Time Scale Analysis for Prediction of Nusselt Number of Nanofluids Flowing Through Straight Tubes: An Experimental Study

Because of anomalous heat transport behavior in nanofluids, several possible mechanisms suggested by various authors to explain the thermal conductivity and heat transfer coefficient enhancement lack unanimity. Hence, this research article aims to explore convective heat transfer enhancement mechanisms by correlating them with observed experimental data of nanofluids. The analysis is carried out by comparing the order of magnitude of different diffusion mechanisms for different types of nanofluid systems. Four different types of nanofluids, Al2O3/EG-W (0.6, 0.9, 1.2, and 1.5 vol.%.), Al2O3/PG-W (1, 1.5, 2, and 2.5 vol.%.), CuO/PG-W (0.25, 0.5, 0.75 and 1 vol.%) and MgO/PG-W (0.3 and 0.66 vol.%) have been studied in this research.

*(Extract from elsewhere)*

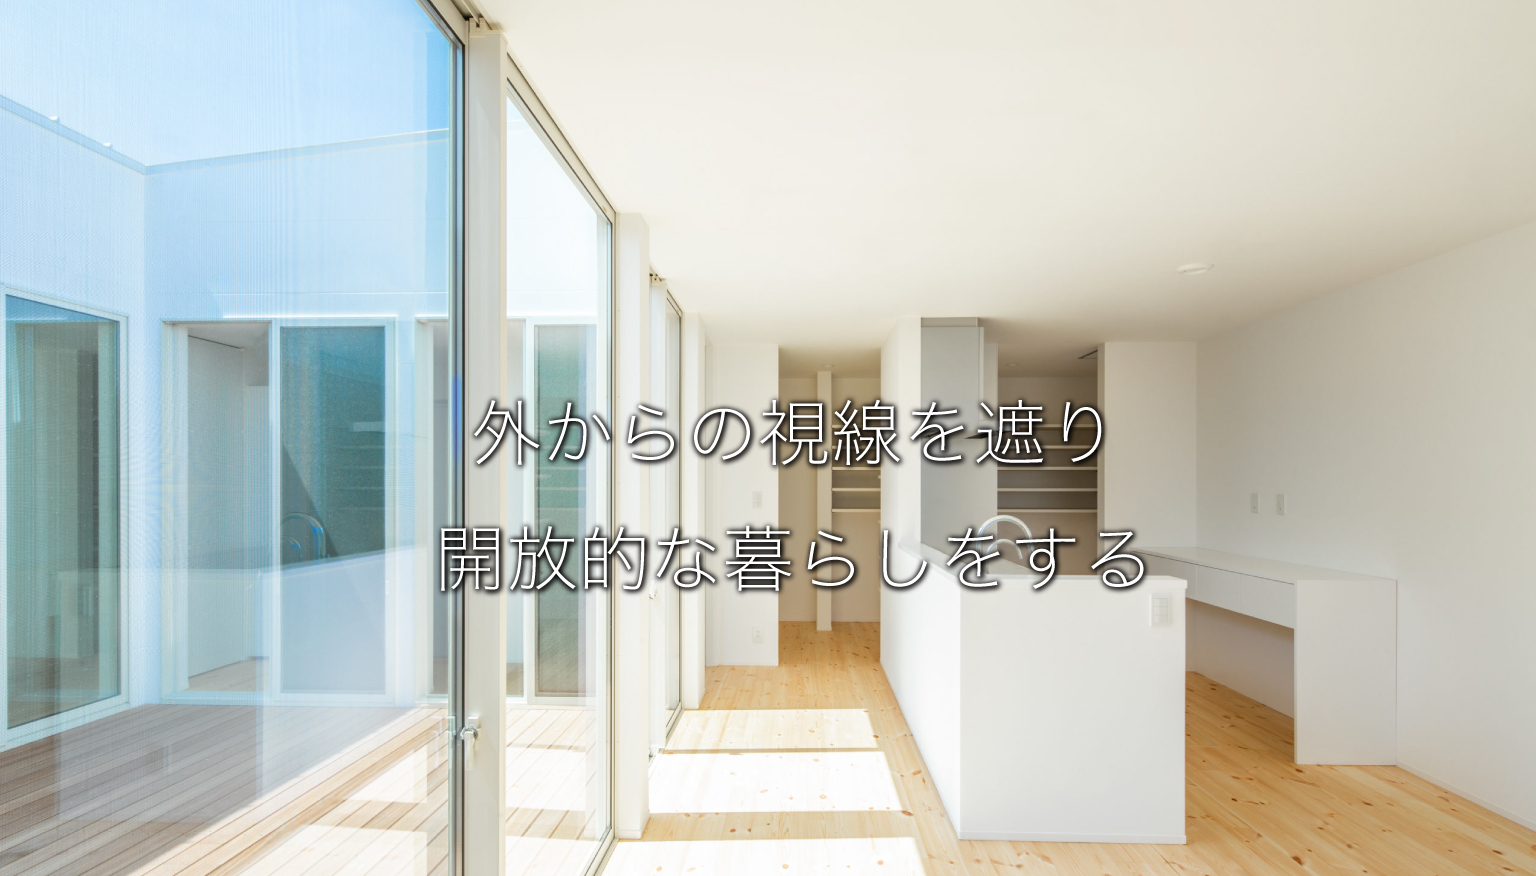 大阪・奈良の窓がなくても明るい平屋ならナカタコーポレーション

A generalized mechanism-based correlation has been proposed to predict the Nusselt number for these nanofluids, for flow through a straight tube under laminar conditions. Results showed that the Brownian motion is very slow in comparison to nano convection-diffusion and heat diffusion. The proposed model predicted the combined data for all the nanofluids studied well within a range of ±5%. Statistical errors of the proposed model were also calculated. Data from other authors were also validated using the proposed correlation, and the parity plot showed that the relationship predicted the data well within a range of ±15%.